A couple of weeks ago when it was released I reviewed President Obama’s Budget. I have been accused of being a pessimist about the estate tax. While it is true that during the campaign President Obama promised to create a permanent estate tax exemption of $3.5 million. But a lot has changed since then. As an estate planner I believe my first responsibility is to plan for what the law actually is and only than make reasonable assumptions as to what it may be in the future. For this reason I have been anxiously awaiting something in writing from the President to indicate that he plans follow through with his promise on the estate tax.
The budget says very little about the estate tax. There is one vague reference in footnote on one of tables and there is a line item for the Estate and Gift Tax in the projections for the current baseline and the proposed budget. I thought maybe I was missing something, so I waited to see if anyone else commented on it. Yesterday Peter Roff did, (read). My take is a little different than Mr. Roff’s. What I find curious is that the line items for the Estate and Gift Tax are exactly the same for the current baseline and the proposed budget. Why? I was expecting to see a line item on the proposed budget that shows a revenue increase (tax increase) for next year and a revenue decreases for the remaining years.
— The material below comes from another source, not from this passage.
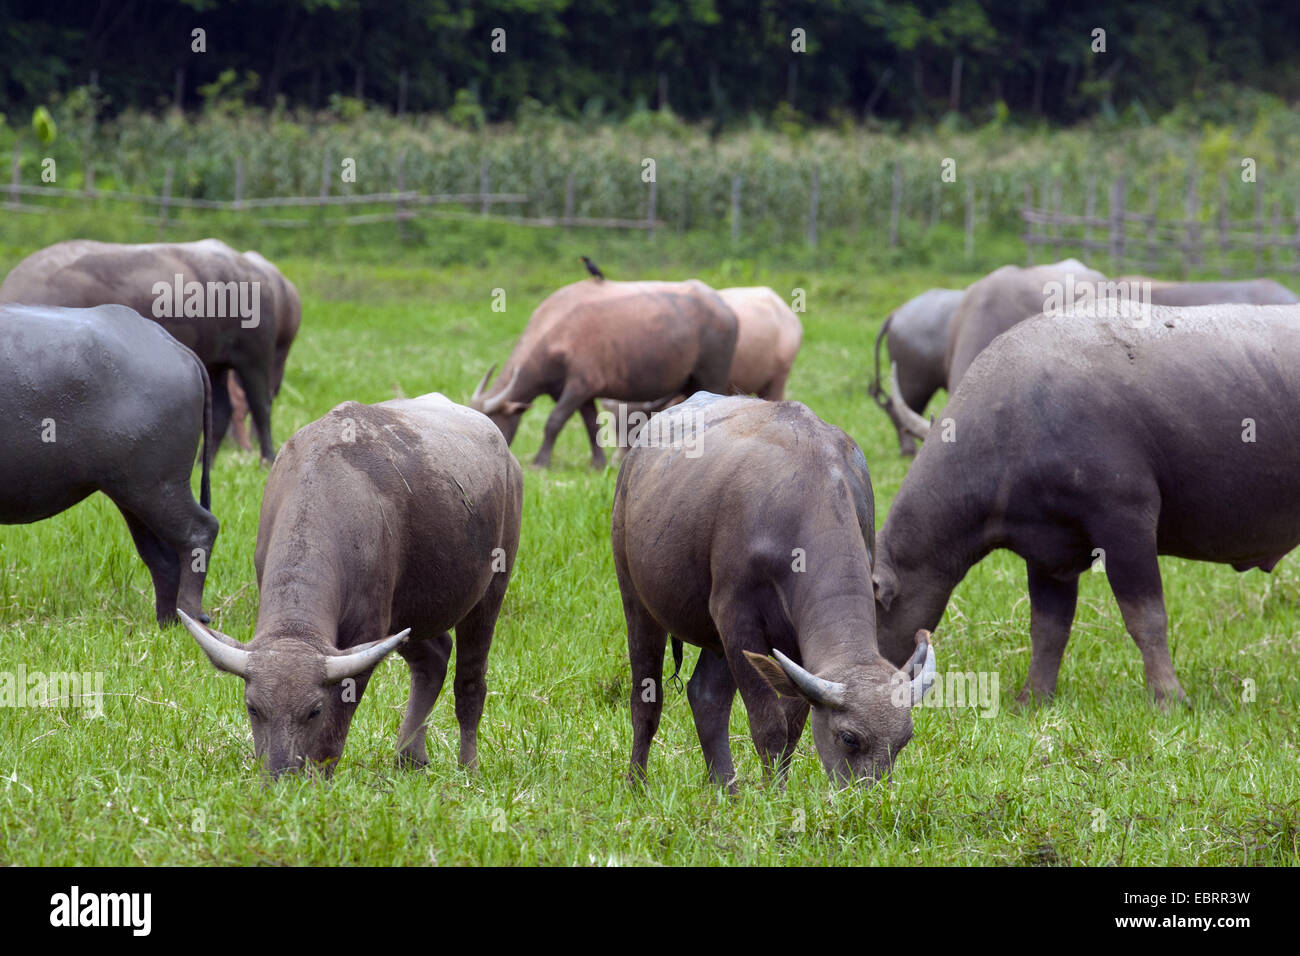 Buffle d'Asie, wild water buffalo, carabao (Bubalus bubalis, Bubalus arnee), le pâturage dans le pré, la Thaïlande, Chiang Mai Banque D'Images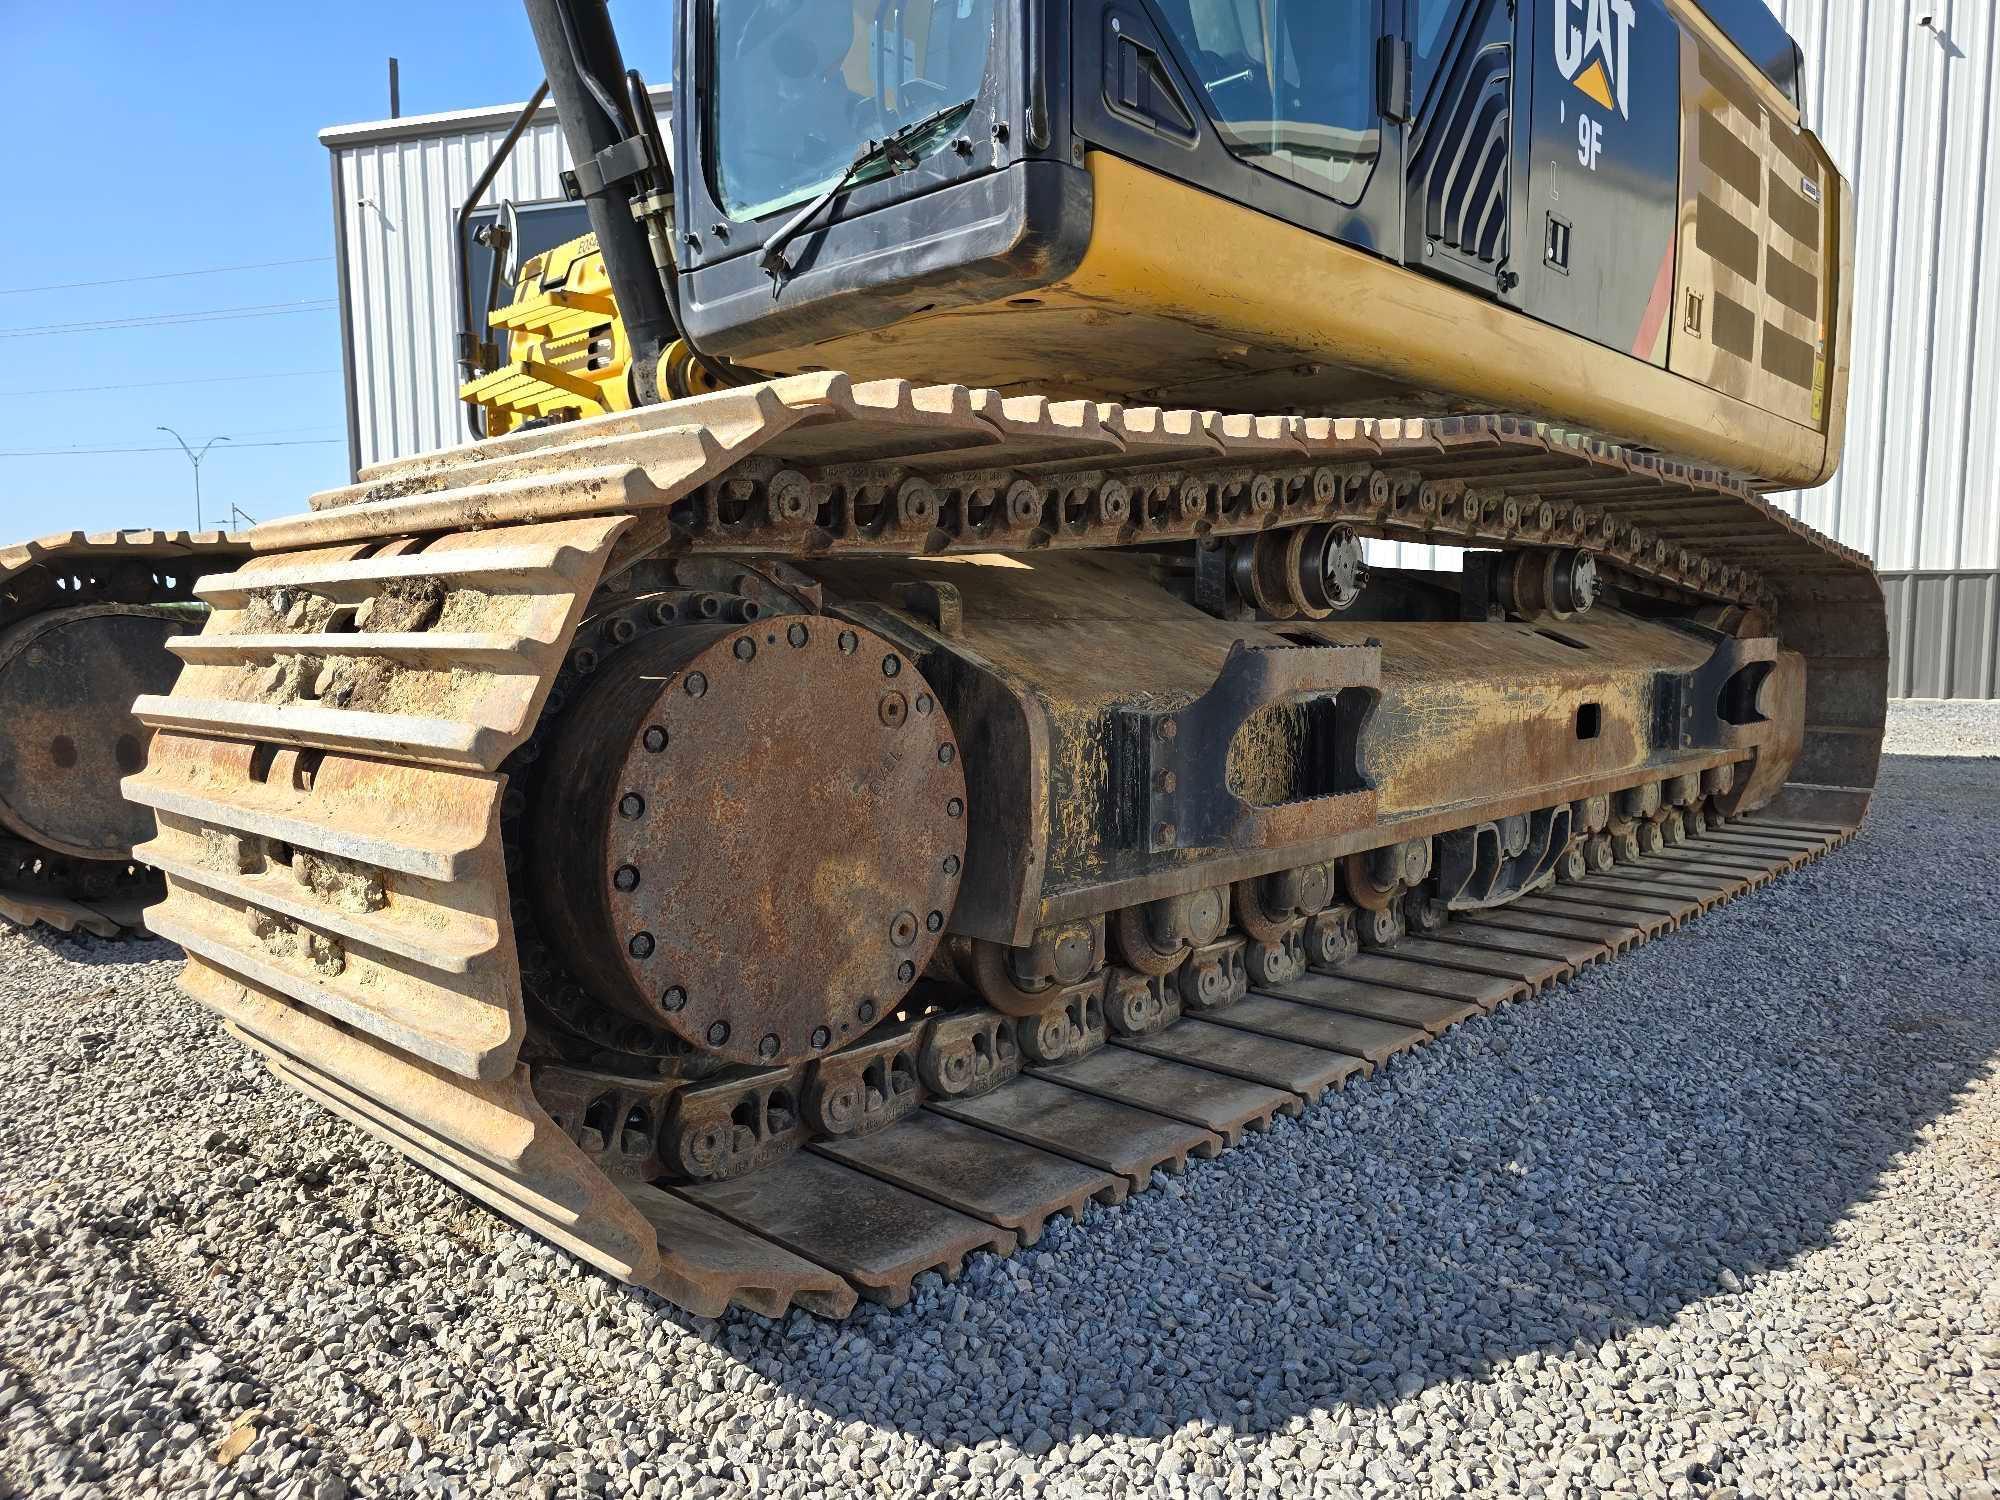 2017 Caterpillar 349FL Hydraulic Excavator

Essentially the cost of President Obama’s estate tax proposal is off budget! This is accomplished by assuming that H. R. 436, the Certain Estate Tax Relief Act of 2009 will be passed. (Here is a recent review of H. R. 436.) That bill is still in committee, and somehow congress will have to deal with the cost of it to get it passed. I have seen estimates that the cost (in terms of revenue) of maintaining a $3.5 million exemption over 10 years is up to $600 billion. During the campaign the Tax Policy Center estimated the cost of Obama’s plan to be about $310 billion through 2018. In January the Wall Street Journal reported that it would cost $324 billion.
Why was it done this way? I don’t know. This could just be common practice or it could be a way to make it easier for the budget bill or the estate tax bill to get passed. Being the pessimist again, I could say this is a way to kill the estate tax bill. The President has done enough to say that he is meeting his campaign promise on the estate tax; however, it is not the same level of support it would have if it was included in the budget. It is almost as if the cost and tax policy debate of the estate tax promise is being hidden. If the estate tax bill is to make it out of committee let alone be signed into law, it will need to stand on its own.